Here are some example passwords generated by the generate_password method:

for i in range(10):
    print(generate_password())

SometimusEvenTheMost45
AndTheresReallyNat32
AndLuckily#isParents48
With%oChoiceAvailable73
OneHighlyOr!ginalElement21
IveNoticedSomething7ately75
AndDi$coversTheresA82
GoodAndBadVibrateons19
HesDaughterMyrtlePlummer53
OneWouldntThinkTh@t91

Here are some example uuid's generated from the uuid4 method

for i in range(10):
    print(uuid4())

020b47b7-99cc-4221-950d-89b15fe63a53
2247ddee-2328-4e8a-a84c-b65849e90638
ea1a8ce7-6f90-4b04-82e7-c38455bf80df
1fd2f083-d981-48b7-9294-e629eb3180ff
ed1b6f03-1f8c-4446-be06-a8e6fe9e46c5
1b681755-eda3-45c9-90db-c7a1d415a565
bcb12a77-5dc1-4775-9f3a-3dd4a380eef0
336ace9c-4e1d-454a-b4eb-deec7d68e000
1c4b25b5-e7c1-4213-a2f1-1c6dd82df49e
e47c9565-05e5-4f1e-be96-b5a347efd716

Framework for Creating Random String Generators

This framework is based on a series of customizable objects which have a class method generate which produces a string output given a seed string input. By using function composition, we can create a pipeline of series of methods that can generate, append to, and modify random strings.

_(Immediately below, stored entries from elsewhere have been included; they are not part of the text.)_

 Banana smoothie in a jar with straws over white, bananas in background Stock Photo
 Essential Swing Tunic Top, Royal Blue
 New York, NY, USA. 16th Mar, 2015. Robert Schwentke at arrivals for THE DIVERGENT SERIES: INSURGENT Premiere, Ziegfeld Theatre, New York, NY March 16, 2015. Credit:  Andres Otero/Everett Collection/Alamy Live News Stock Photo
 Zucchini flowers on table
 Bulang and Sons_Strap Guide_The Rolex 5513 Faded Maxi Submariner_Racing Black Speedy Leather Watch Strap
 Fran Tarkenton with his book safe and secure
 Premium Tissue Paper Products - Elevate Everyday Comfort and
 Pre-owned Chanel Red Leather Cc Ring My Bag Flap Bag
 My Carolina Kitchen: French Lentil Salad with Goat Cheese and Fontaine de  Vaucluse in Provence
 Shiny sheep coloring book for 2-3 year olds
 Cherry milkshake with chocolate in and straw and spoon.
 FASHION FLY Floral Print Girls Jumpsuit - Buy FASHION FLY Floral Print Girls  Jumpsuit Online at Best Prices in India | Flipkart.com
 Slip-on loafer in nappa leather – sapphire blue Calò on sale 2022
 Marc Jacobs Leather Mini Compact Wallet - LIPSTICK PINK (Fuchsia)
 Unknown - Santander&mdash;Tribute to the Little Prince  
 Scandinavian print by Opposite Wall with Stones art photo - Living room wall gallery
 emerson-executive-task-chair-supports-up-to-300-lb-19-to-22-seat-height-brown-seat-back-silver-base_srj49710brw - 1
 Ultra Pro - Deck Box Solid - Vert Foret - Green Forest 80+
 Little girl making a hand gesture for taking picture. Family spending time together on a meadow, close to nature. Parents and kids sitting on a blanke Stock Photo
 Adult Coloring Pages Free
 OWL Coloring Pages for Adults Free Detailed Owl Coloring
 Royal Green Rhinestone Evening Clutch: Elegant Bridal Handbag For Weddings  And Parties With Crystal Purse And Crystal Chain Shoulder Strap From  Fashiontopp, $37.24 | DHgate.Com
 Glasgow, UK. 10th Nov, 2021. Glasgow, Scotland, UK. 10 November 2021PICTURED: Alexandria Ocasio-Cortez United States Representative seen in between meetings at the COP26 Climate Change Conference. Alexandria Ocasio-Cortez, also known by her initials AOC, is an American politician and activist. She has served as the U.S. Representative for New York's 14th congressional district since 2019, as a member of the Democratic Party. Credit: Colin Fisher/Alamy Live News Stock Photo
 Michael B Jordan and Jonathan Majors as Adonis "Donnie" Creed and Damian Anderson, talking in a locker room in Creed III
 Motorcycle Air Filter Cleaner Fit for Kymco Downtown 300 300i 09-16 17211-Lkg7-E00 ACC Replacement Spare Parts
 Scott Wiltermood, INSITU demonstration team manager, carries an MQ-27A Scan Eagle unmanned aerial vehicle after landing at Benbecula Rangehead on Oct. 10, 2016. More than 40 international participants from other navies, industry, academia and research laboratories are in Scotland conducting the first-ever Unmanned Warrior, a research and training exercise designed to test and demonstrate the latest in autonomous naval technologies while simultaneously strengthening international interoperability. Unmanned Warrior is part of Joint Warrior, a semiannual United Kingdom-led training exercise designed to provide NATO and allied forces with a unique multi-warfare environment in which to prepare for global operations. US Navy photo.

Some of these objects include:

Constant - appends a constant to a seed string
Case - modifies the case of the seed string
RandomString - appends a random string of fixed length where each character is selected from a uniform distribution across a sepecified list of characters
Surround - surrounds an input seed string with specified strings
AlphaDefect - inserts a specified number of defects into a seed string
Integers - inherits from RandomString, creates a random string of integers
CorpusPhrase - extracts a random phrase of specified length from an nltk corpus of works

Then, objects such as these can be strung together using pipeline objects such as:

Password - has a generate method which performs function composition on the generate methods for a list of input objects
Switch - has a generate method which randomly selects one of the input objects and uses the generate method from that object.

from passwords.constructor import Password, Switch, Case, Constant,\
                                  Surround, CorpusPhrase, TextPhrase,\
                                  RandomString, Integers, AlphaDefects
                                  
from nltk.corpus import nps_chat, brown, shakespeare, gutenberg

For the purpose of password generation, the most important component is obtaining a phrase from a text that may be memorable. For example, if we would like to extract a random phrase from a shakespeare text with 3-5 words, we can instantiate a CorpusPhrase object wrapped around nltk.corpus.shakespeare, which can then generate random phrases:

cp = CorpusPhrase(shakespeare, n_min=2, n_max=4)
cp.generate()

u'gobbo marry god forbid'

Then we can insert this object within a pipeline to specify a complex set of rules for generating a password.

For example, we can create a password that:

is generated from a 2-4 word long shakespeare phrase
is either snake-case or camel-case
surrounds the phrase with some symbols

Here is the instantiation of that:

pw = Password([
        CorpusPhrase(shakespeare, n_min=2, n_max=4),
        Switch([
             Case("snake_case"),
             Case("camel_case"),
        ]),
        Switch([
             Surround('(', ')'),
             Surround('*'),
             Surround('__'),
             Surround('^', '$'),
        ]),
     ])

for i in range(10):
    print(pw.generate())

__was_he_not_born__
*thou_art_if_thou*
*IKnowABank*
__quince_well_we_will__
__flourish_malcolm_we_shall__
^ReEnterPuckAnd$
^a_heath$
(BrutusAndAfterThat)
__TheMostYouSought__
*brutus_into_what_dangers*

I have also included a simple ascii tree representation of the structure of the password generator objects in the _repr_ method which indicates child objects in the tree structure with indentation. Note that the children of the Password objects or ordered, but the children of the Switch objects are unordered.

print(pw)

<Password>
	<CorpusPhrase: n=[2, 4], shakespeare>
	<Switch>
		<SnakeCase>
		<CamelCase>
	<Switch>
		<Surround: ( ... )>
		<Surround: * ... *>
		<Surround: __ ... __>
		<Surround: ^ ... $>

Here is another object which generates passwords from alice in wonderland with a vowel defect and a random integer and symbol at the end.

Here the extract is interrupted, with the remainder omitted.